United States Court of Appeals, Ninth Circuit.

Submitted February 7, 2018* Seattle, Washington
Filed March 2, 2018

Matthew Campbell, Federal Defenders of Eastern Washington & Idaho, Spokane, Washington, for Defendant-Appellant.

George J.C. Jacobs III, Assistant United States Attorney; Joseph H. Harrington, United States Attorney; United States Attorney's Office, Spokane, Washington; or Plaintiff-Appellee.

Before: MILAN D. SMITH, JR. and MARY H. MURGUIA, Circuit Judges, and EDUARDO C. ROBRENO,** District Judge.

M. SMITH, Circuit Judge:

Defendant-Appellant Keith Bennett Studhorse, II, appeals (1) the district court's denial of his motion to dismiss Count 2 of the indictment, which charged him with possession of body armor by a violent felon, and (2) the district court's interpretation and application of the United States Sentencing Guidelines. He argues that the district court erred in denying his motion to dismiss and in calculating his sentence because it improperly determined that Studhorse's prior Washington State conviction for attempted first degree murder qualified as a "crime of violence." We have jurisdiction pursuant to 28 U.S.C. § 1291 and 18 U.S.C § 3742, and we affirm.

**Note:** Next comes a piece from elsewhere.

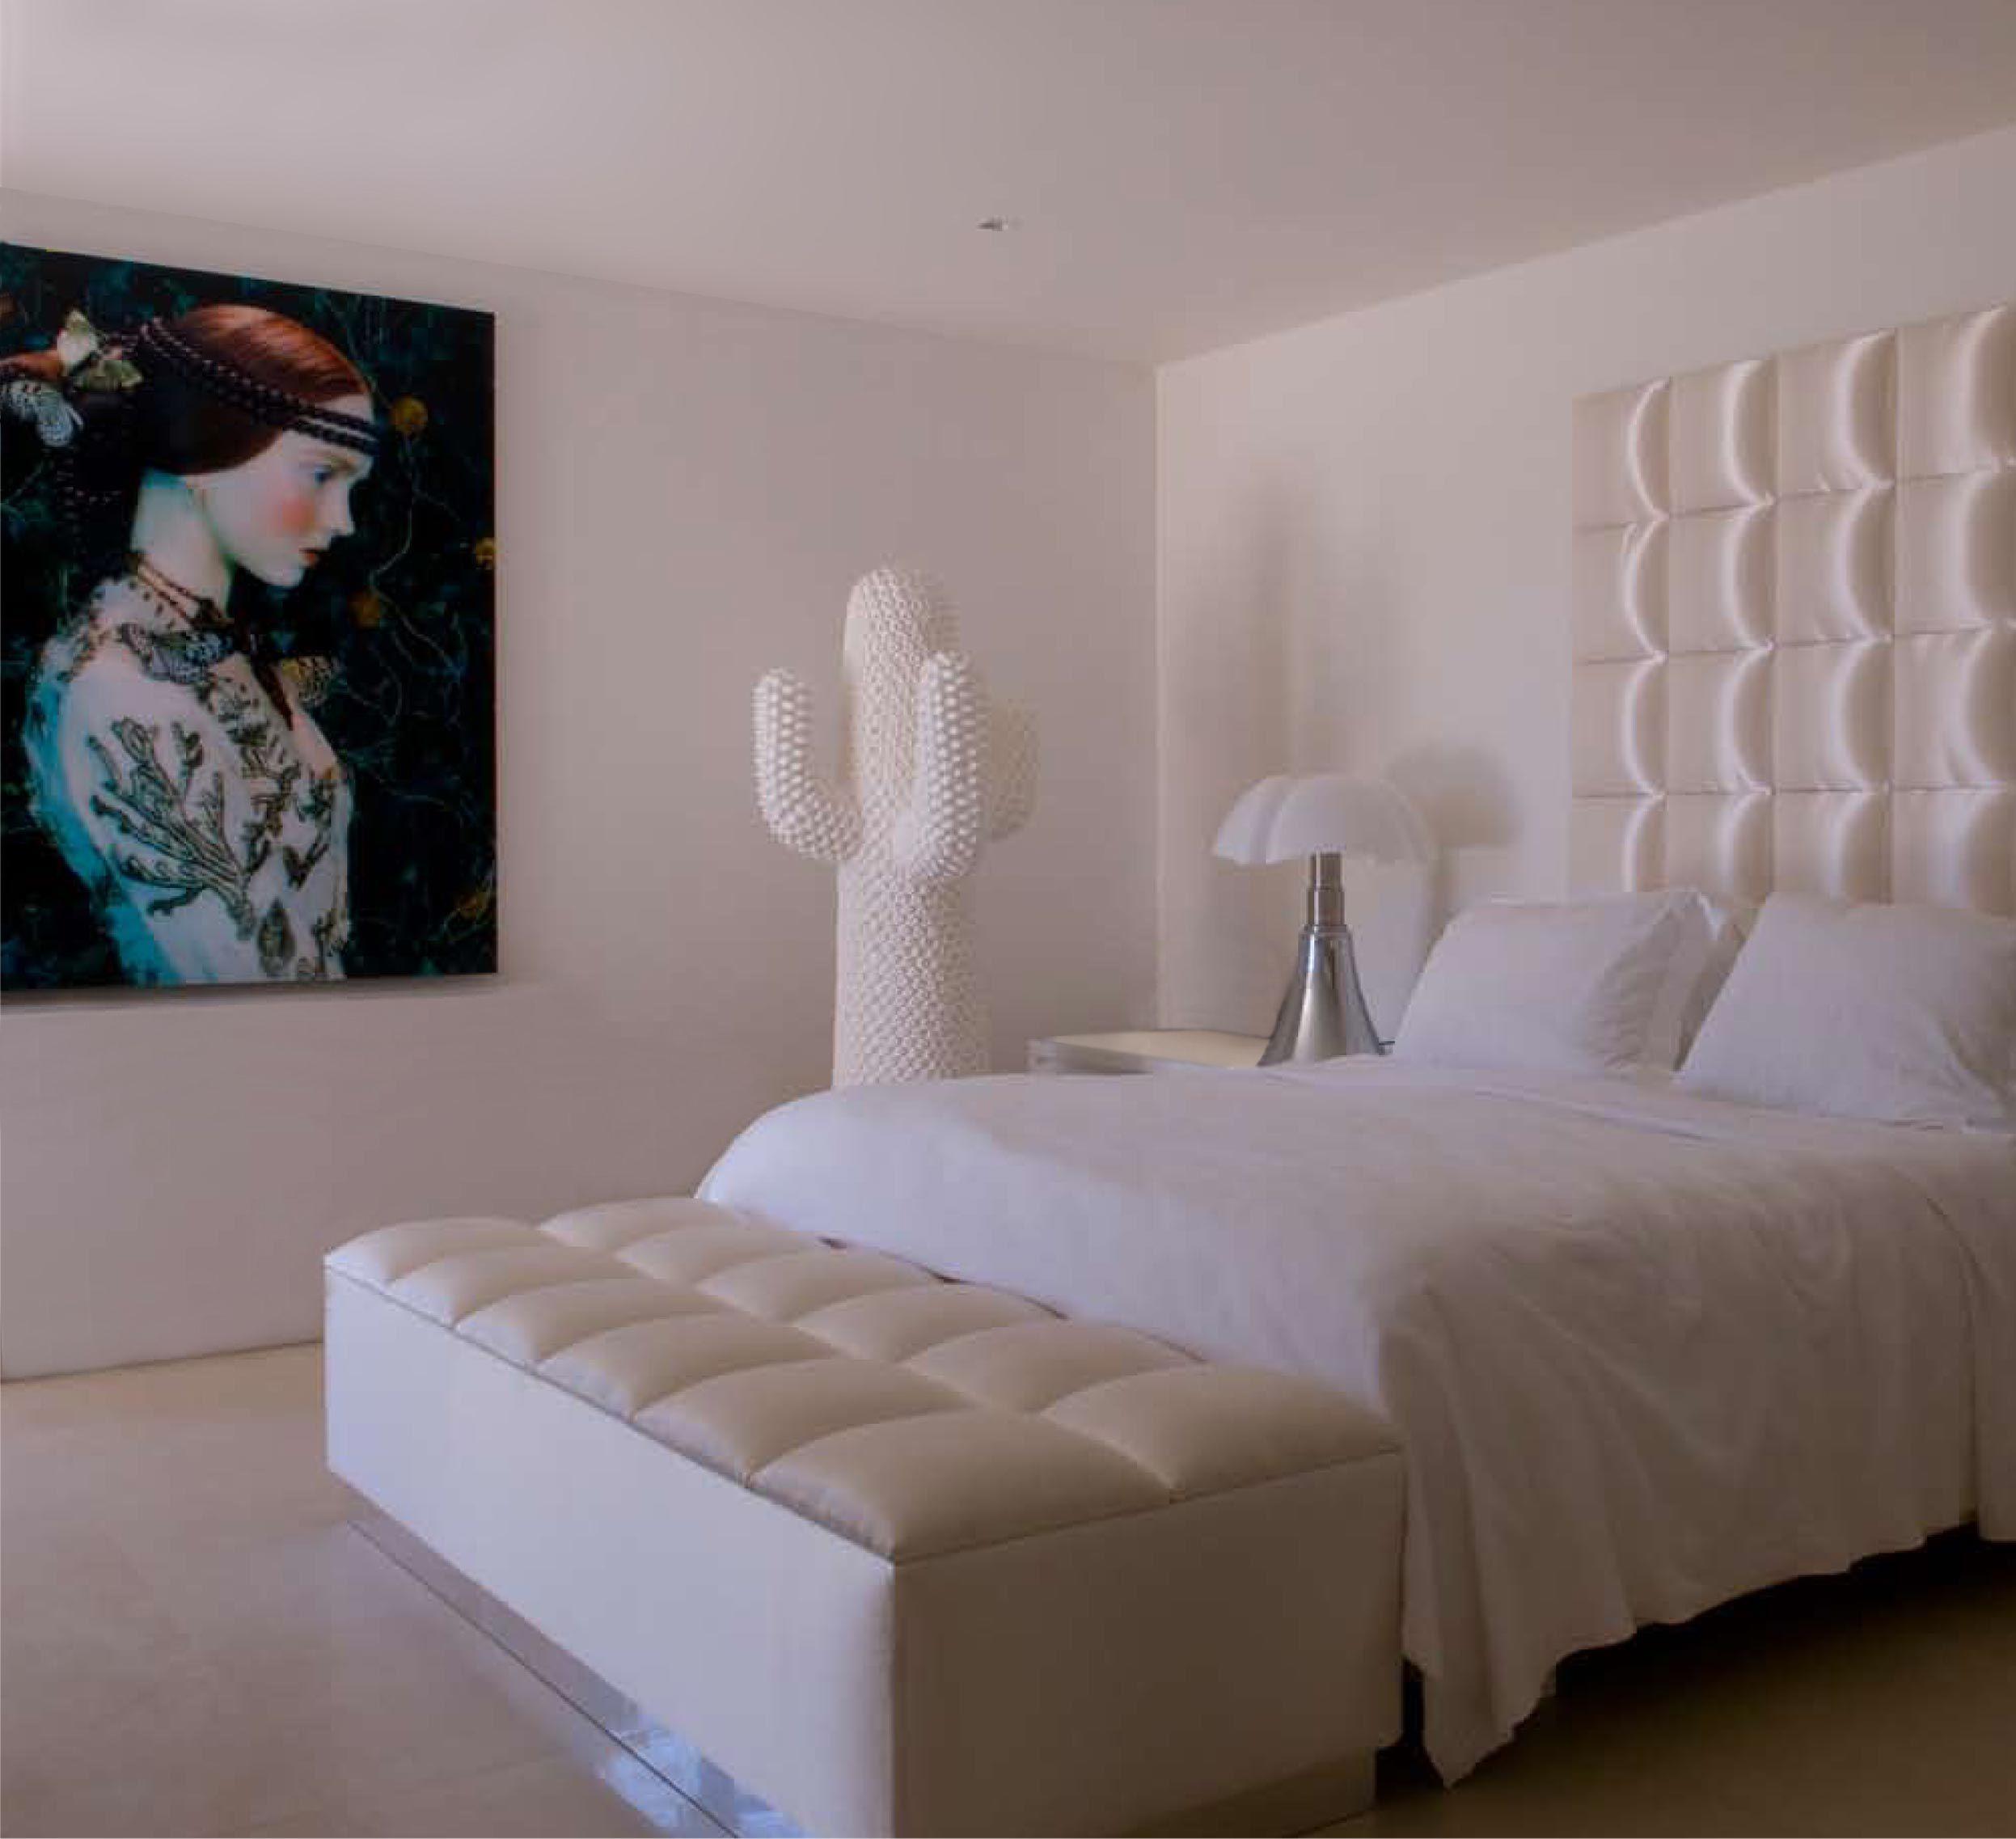 Jan des Bouvrie   Ontwerpstudio   All white   Pinterest   Slaapkamer, Witte woonkamers en Arsenaal

*1201FACTUAL AND PROCEDURAL BACKGROUND

On May 17, 2016, a two-count indictment was filed against Defendant-Appellant Keith Bennett Studhorse, II, charging him in one count with a violation of 18 U.S.C. §§ 922(g)(1) and 924(a)(2) (felon in possession of a firearm), and in a second count with a violation of 18 U.S.C. §§ 931(a)(1) and 924(a)(7) (violent felon in possession of body armor). Studhorse moved to dismiss Count 2 on July 8, 2016. Studhorse argued that dismissal was required because his three relevant prior convictions under Washington state law (for attempted first degree murder, second degree manslaughter, and riot with a deadly weapon) did not constitute crimes of violence as defined in 18 U.S.C. § 16. In its response, the Government argued that attempted first degree murder and riot constituted crimes of violence; it declined to address whether second-degree manslaughter was a "crime of violence" as well.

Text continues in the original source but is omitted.